The medical liability insurance situation has been simmering for a long time now, and recent events occurring up here in Albany threaten to cause the matter to boil over into a big mess in the upcoming months. While medical liability carriers seek to promote legislation calling for a new methodology of financial oversight, better tailored to the highly particularized needs and obligations of their insurance product, New York's doctors and trial lawyers have been on the move developing legislation of their own that would radically change settlement procedures on malpractice cases in court and shift some of the costs of liability insurance charged to physicians back to the insurance industry itself.

This brewing conflict threatens to make an upcoming hearing on medical malpractice insurance scheduled by the Senate Standing Committees on Health and Insurance a veritable "cage match", pitting some of New York's most powerful interests against each other.

The problem is an old one in Albany, dating back to the medical liability insurance crisis of 1986. The insurer's need to request an adequate rate to allow them to operate their business and remain solvent enough to pay ever-increasing medical liability awards is juxtaposed against the need of physicians to keep their medical liability insurance costs at a reasonable level. The New York Insurance Department is caught in the middle with the power to review and approve rate requests and to oversee the operation of the Medical Malpractice Insurance Pool (MMIP). The result over time has been a system in which insurers believe the rate they are allowed to charge is inadequate and physicians believe that their rates have become prohibitively high. Both physicians and insurers complain that trial lawyers have abused the legal system bringing too many unnecessary malpractice suits, clogging up the system and increasing costs. Insurers also assert that the all-important MMIP, the risk pool of the system, is underfunded for several recent years. In 2008 and 2009, the legislature passed a law prohibiting the Superintendent from increasing the premium level at the required time to allow enough time for the State and all of the interested parties to develop a solution that would resolve the conflicts in the system.

With the collapse of the Insurance and Health Department's task force in this area the various parties appear to be seeking individual solutions to the problem without resolving the needs of the other parties in the system. The most recent iteration of this trend is a piece of proposed legislation, purportedly drafted by the Medical Society of New York (MSNY) and the New York State Trial Lawyers (NYSTLA), in cooperation with the Governor's office, which could have profoundly negative effects on the insurance industry if passed.

The proposed legislation, which has been put in bill draft form by the legislative bill drafting commission, makes several changes to the civil practice rules dealing with medical malpractice legislation and includes several new measures designed to make liability insurance more affordable to physicians at the expense of all liability insurance policyholders.

The Proposed Legislation

I should note from the onset that the bill discussed herein has not been introduced by anyone in the legislature. Officially, it has not been made public and I'm not sure which draft I have been shown. The proposal may have changed subsequently. However, the essentials of the bill indicate that the State's physicians and trim lawyers have entered into somewhat of a "Faustiaff' pact in which each group agrees to support significant benefits to the other group, in return for joint support of the whole bill.

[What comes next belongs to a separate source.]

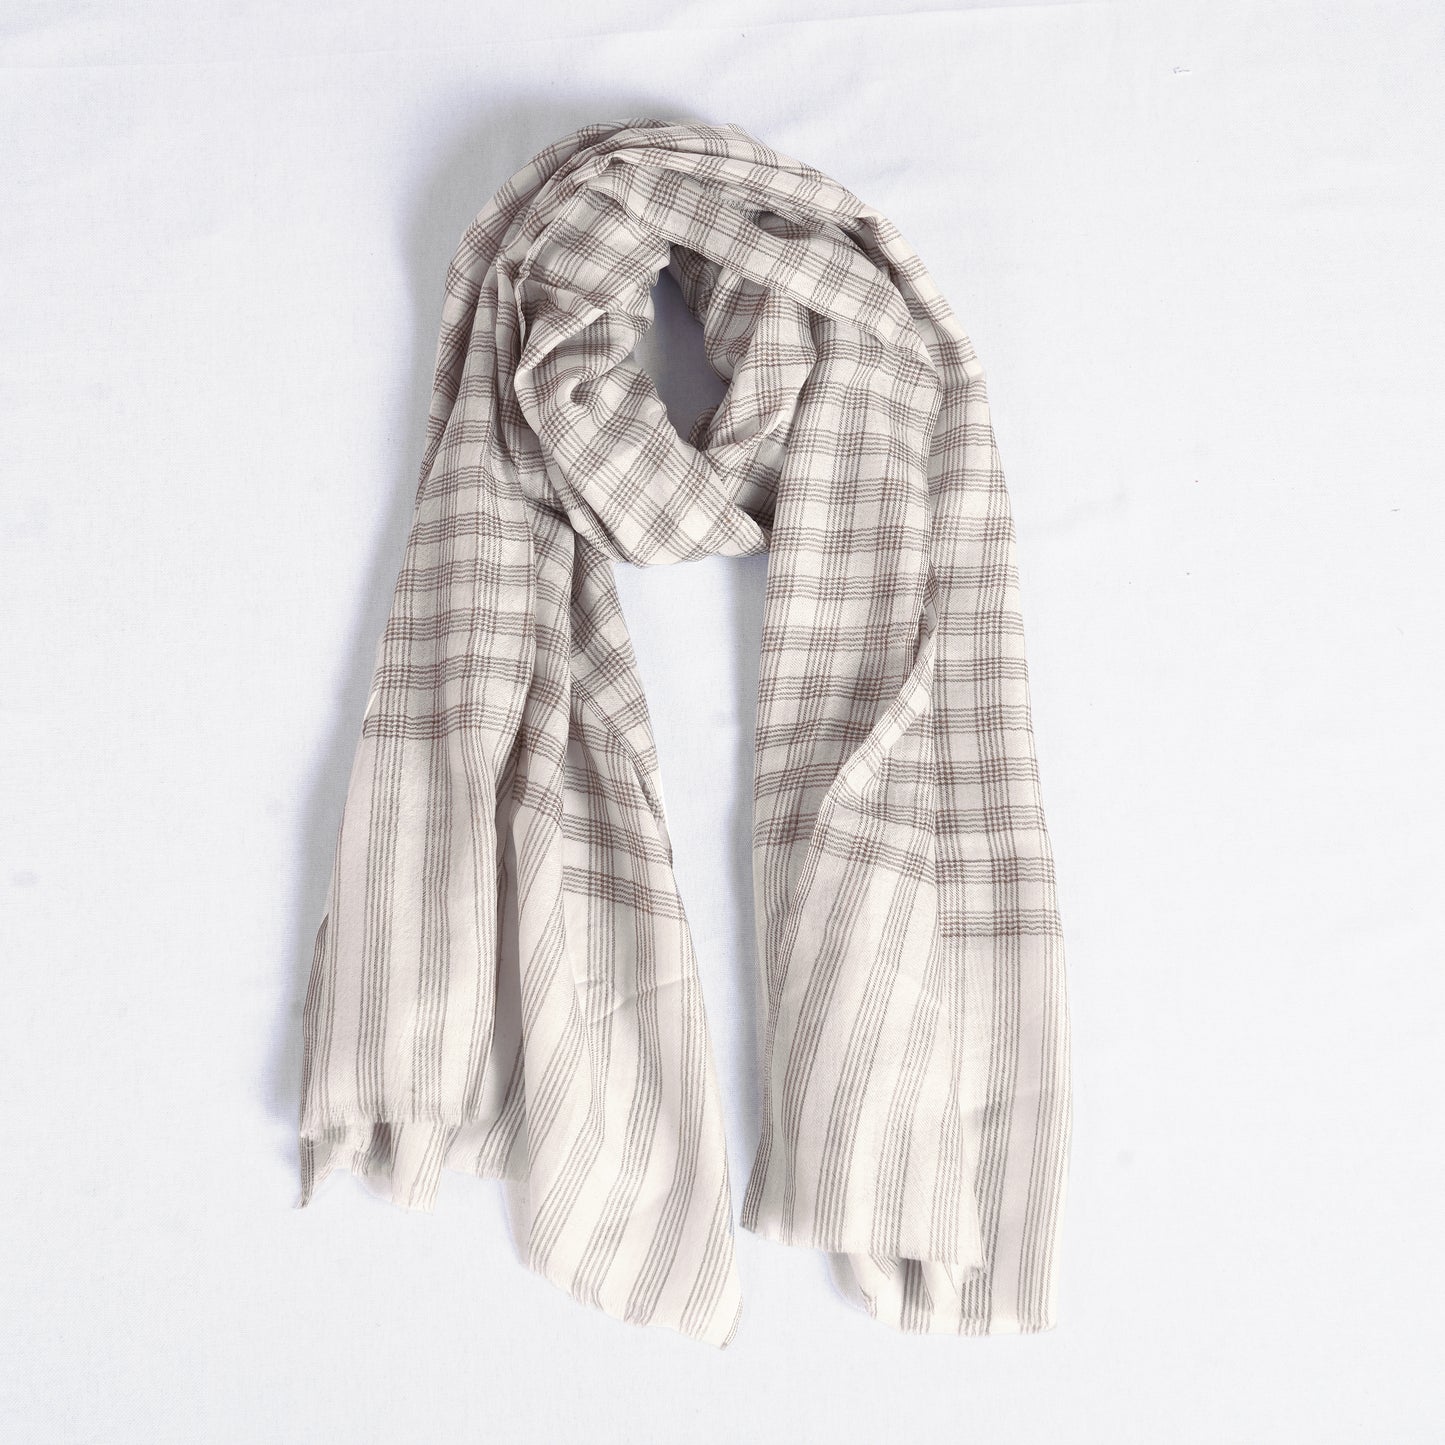 CHECK fine wool blend scarf for men, beige and black colour, reversible, gift for men

The trial lawyers benefit from significant changes to the civil practice laws and rules as they related to injury actions. The bill contains an entirely new Section 15-108 of the General Obligations Law governing "Settlements in tort actions". The new statute would change decades old law in this state which provides that a release against one of several tortfeasors reduces the claim of the releaser against the other torfeasors by either the stipulated amount, the consideration paid or the released tortfeasor's equitable share of the damages under article fourteen of the CPLR, whichever is greater. (1) The proposed addition allows the remaining tortfeasors to "choose" to reduce their liability by any of the three amounts described above. The proposal would omit the whichever is greater language. The ultimate effect of the new bill is to benefit plaintiffs in civil injury actions and could even result in a situation where a plaintiff received an amount greater that 100% of the amount of damages owed. Other changes to the bill would grant additional advantages to plaintiffs in personal injury litigation.

On the medical liability insurance side of the deal, the bill reduces the requirement that physicians purchase a primary layer of insurance in the amount of $1.3 million to $1 million for the years 2011 through 2015, in order to qualify for the free $1 million excess layer of coverage. This provision will reduce physician's insurance costs.

The bill also provides for significant additional financial benefits for physicians. The Insurance Department will determine the cost of medical liability coverage for the first $300,000 for individual claimants and $900,000 for all claimants, and shall work with the Commissioner of Health to determine the costs of grants to defray this cost to physicians in certain "high risk" classes. When those costs are determined, the Insurance Department shall assess each insurer, authorized to write insurance in this state, to fund those grants to physicians to assist them in paying for medical malpractice insurance. These assessments shall be deposited into the "hospital excess liability pool" to be used by the Commissioner of Health to award the grants to physicians, and to pay the administrative costs of the pool, including costs associated with a risk management program. The end result of these provisions will be that physicians in the high risk classes will get the first $300,000/$900,000 of coverage, as well as the $1 million excess layer for free.

The legislation also provides for another assessment on the insurance industry. The bill requires the Superintendent of Insurance to determine whether the "medical malpractice insurance pool" (MMIP) has sufficient monies to pay its aggregate actual and estimated liabilities for policy years from 2000 to 2009. If the Superintendent determines that there are insufficient monies, he shall assess each insurance company authorized to write liability insurance an amount not to exceed one-half percent of its net direct premiums written in New York. An insurer subject to this assessment shall include a surcharge on premiums for liability policies on properties or risks located in this state to offset the assessments paid. This assessment must be made by the Superintendent before he would order any surcharge on premiums for medical malpractice coverage. The monies raised by this assessment are to be deposited into the "medical malpractice insurance fund" and shall be used to offset any insufficiencies in the MMIP for the policy years described.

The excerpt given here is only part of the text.